*** Opening of PROVIDED DATA ***

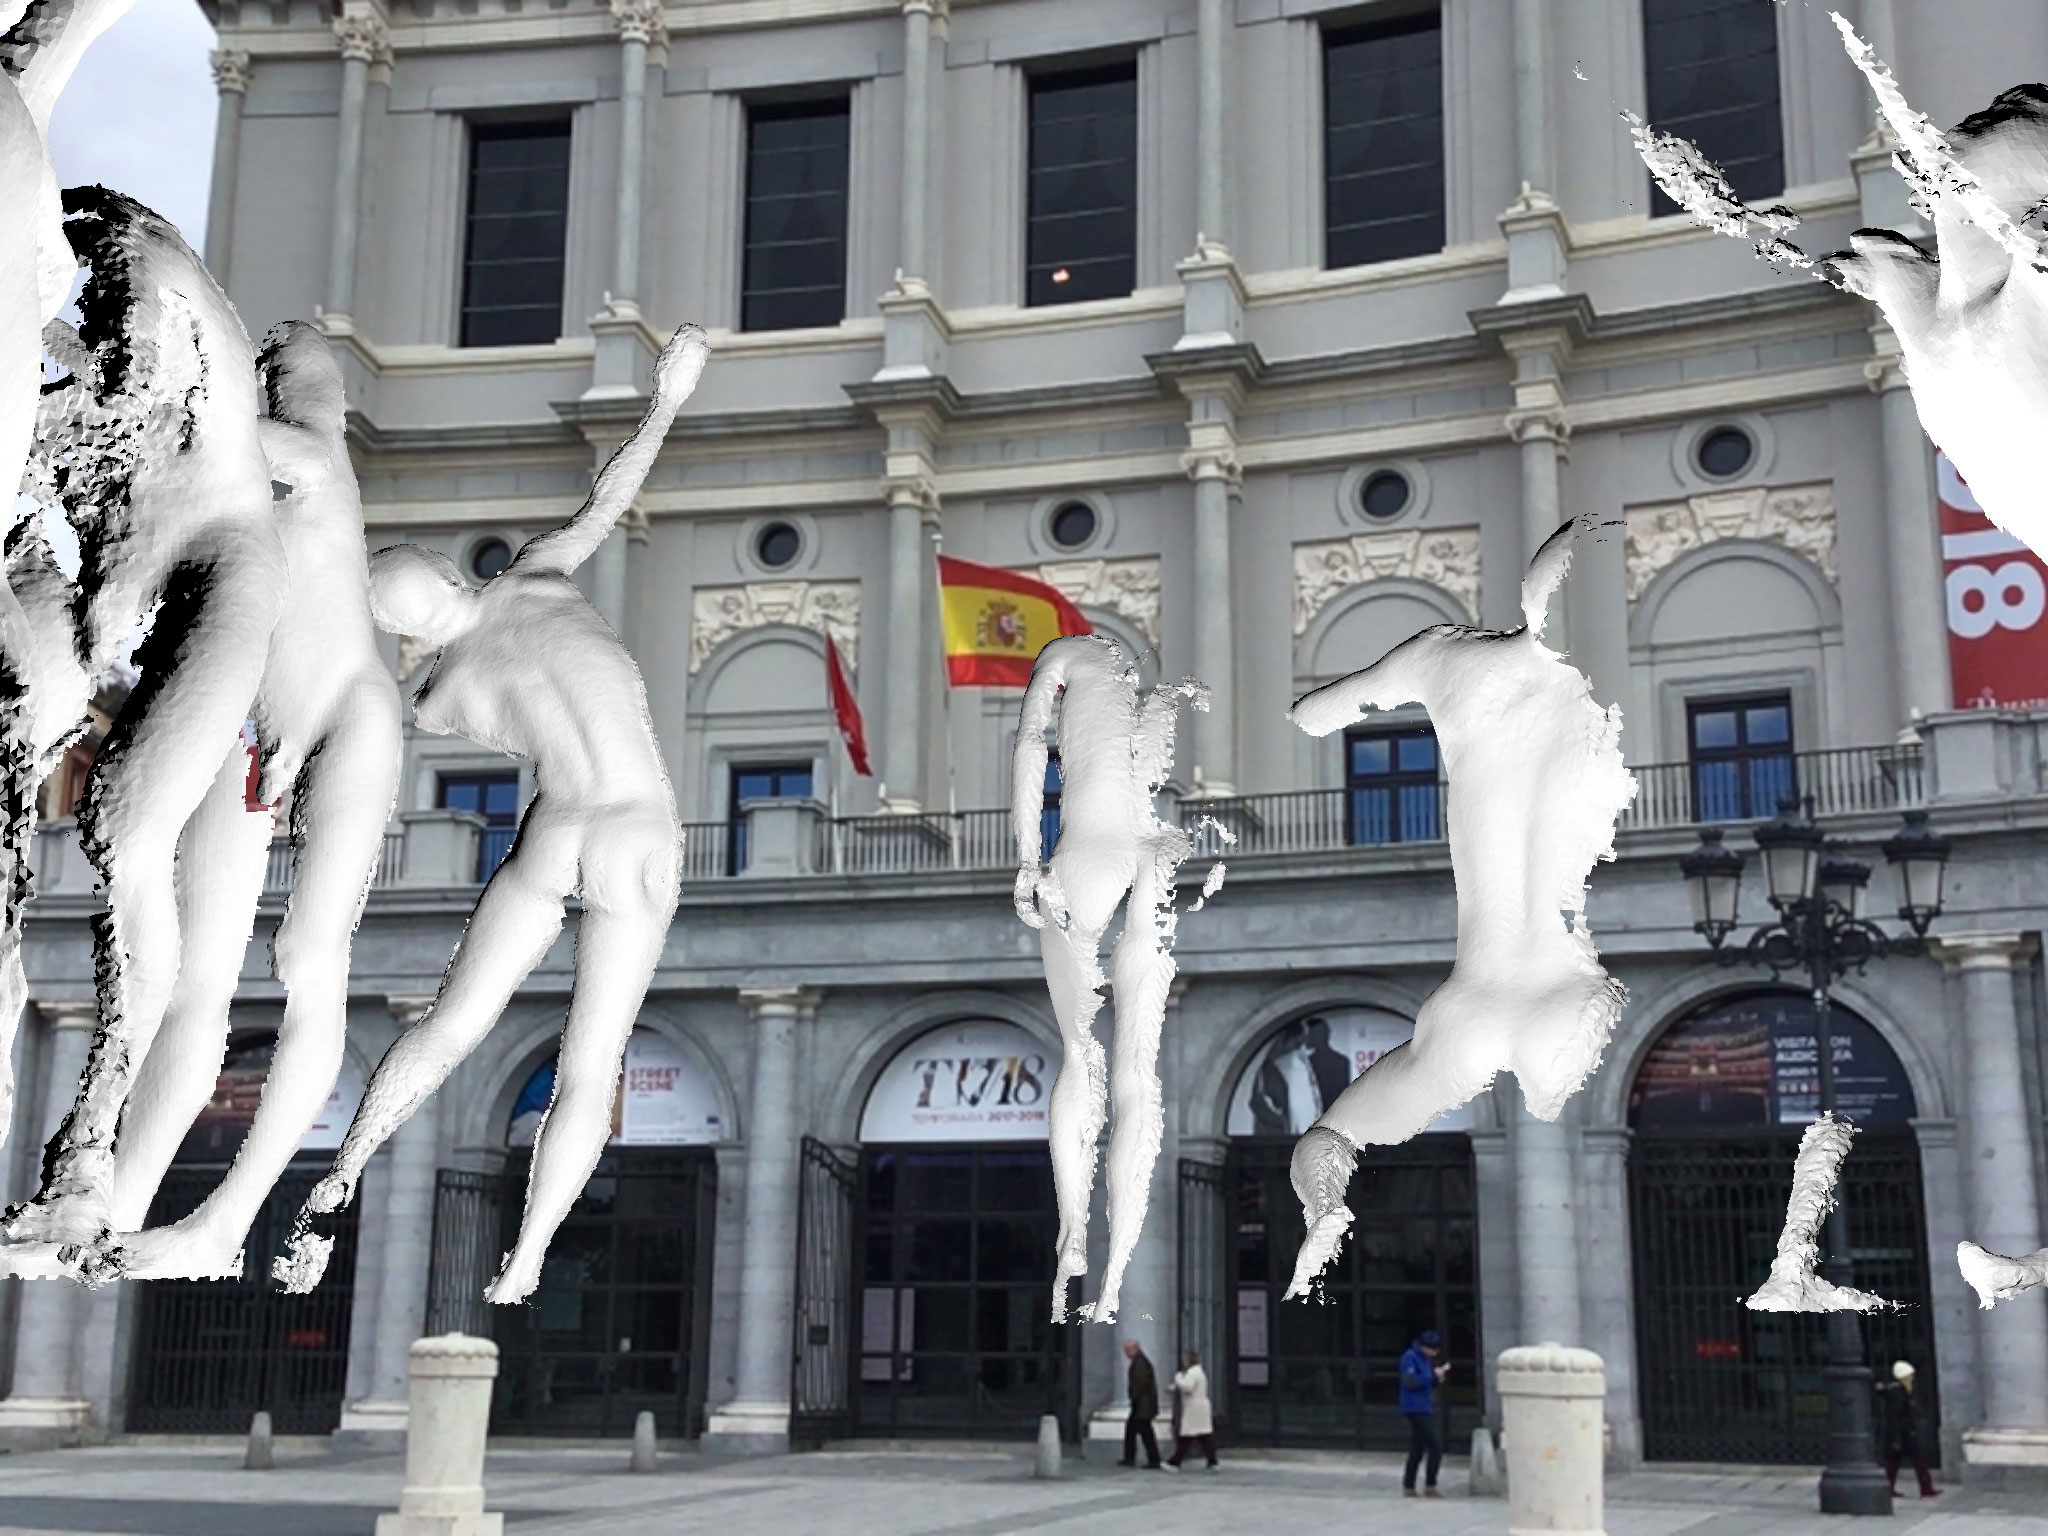 Aran-augmented-reality-art-network-developed-by-nemaniax.com-2018-2018-Plaza-Opera-Madrid
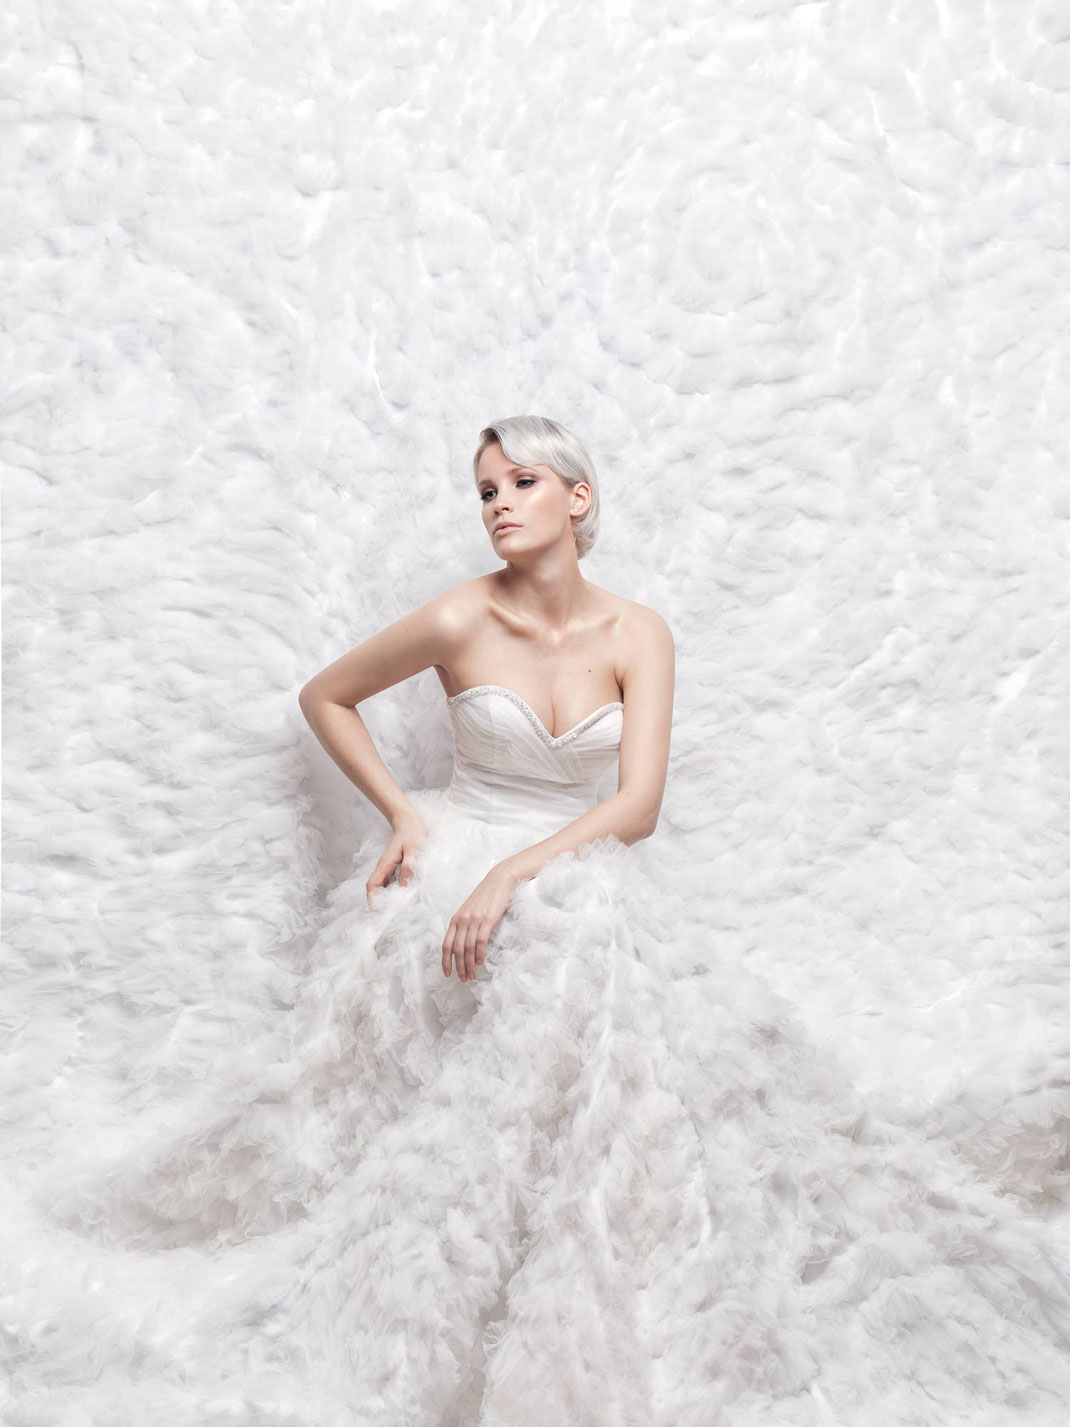 White - Jane - Markus Hertzsch - Model - Girl - Portrait - Bride - Dress - White - Marriage - Pose - Elegant - Fashion
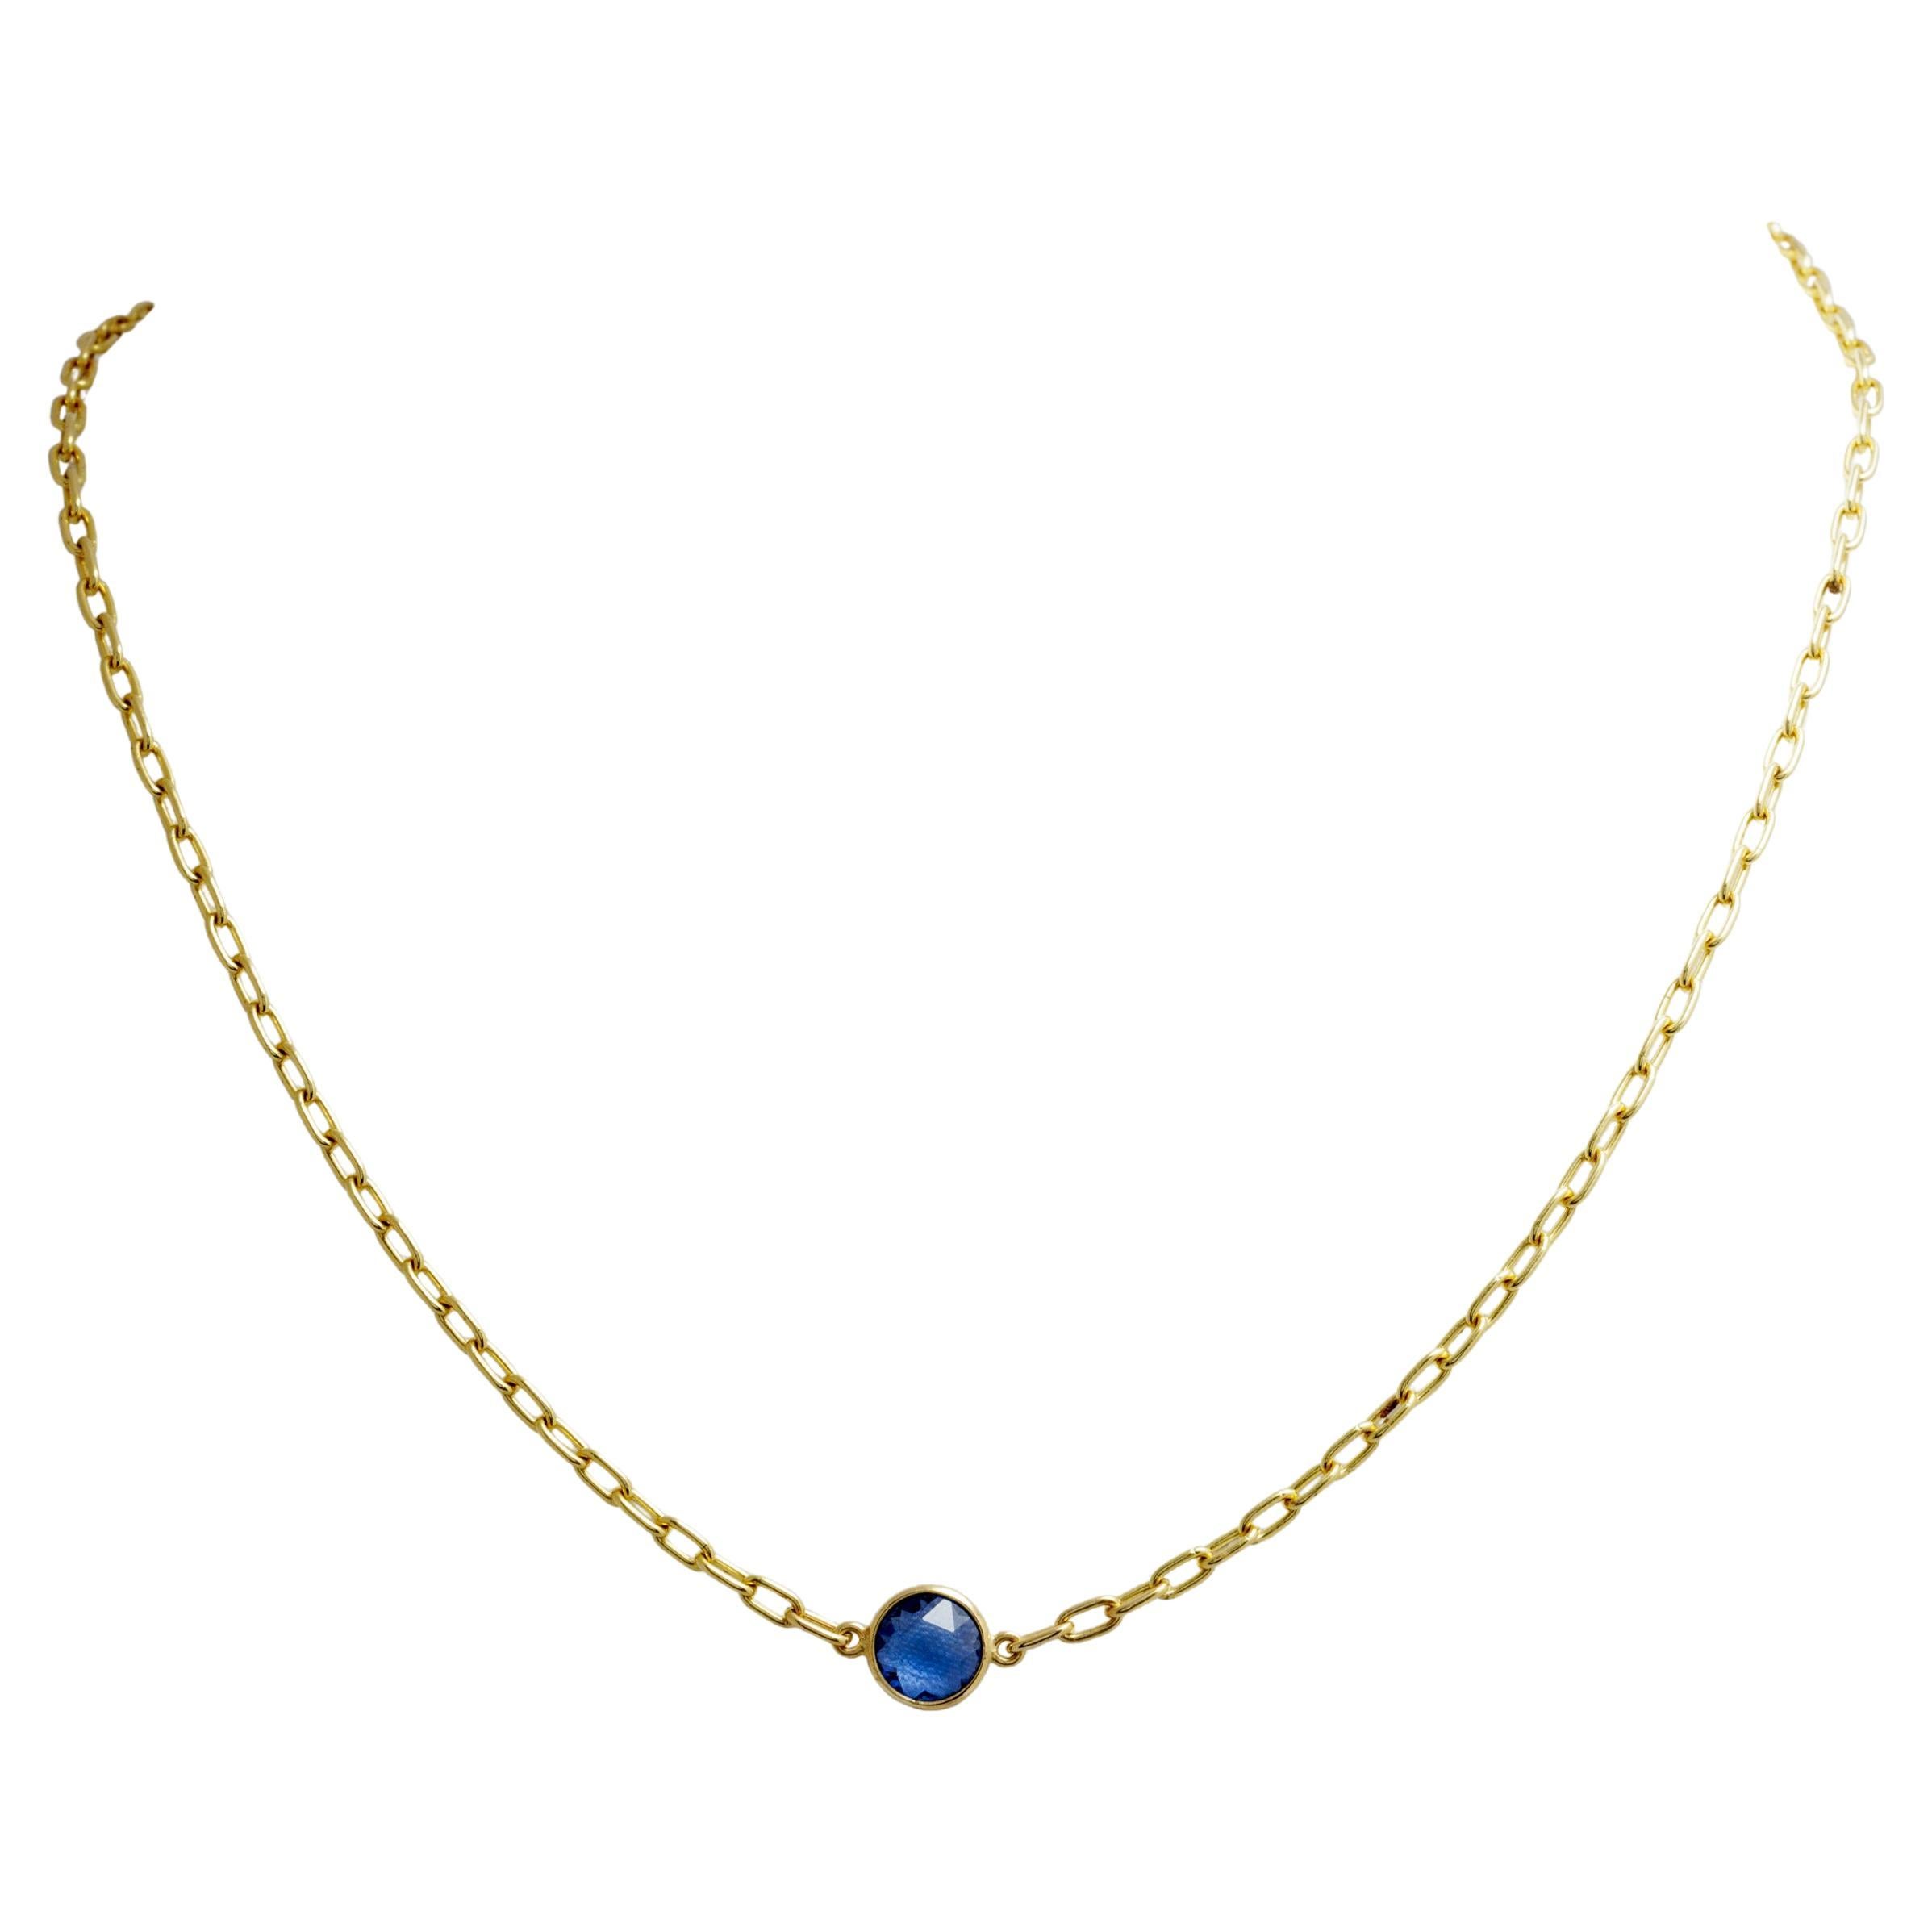 18 Karat Yellow Gold and a 0.90 Carat Ceylon Sapphire Chain Necklace

*** Close of PROVIDED DATA ***

> TASK REQUIREMENTS
Produce the data again character for character, with the images left out.

> RESULT
 Aran-augmented-reality-art-network-developed-by-nemaniax.com-2018-2018-Plaza-Opera-Madrid
 White - Jane - Markus Hertzsch - Model - Girl - Portrait - Bride - Dress - White - Marriage - Pose - Elegant - Fashion
 18 Karat Yellow Gold and a 0.90 Carat Ceylon Sapphire Chain Necklace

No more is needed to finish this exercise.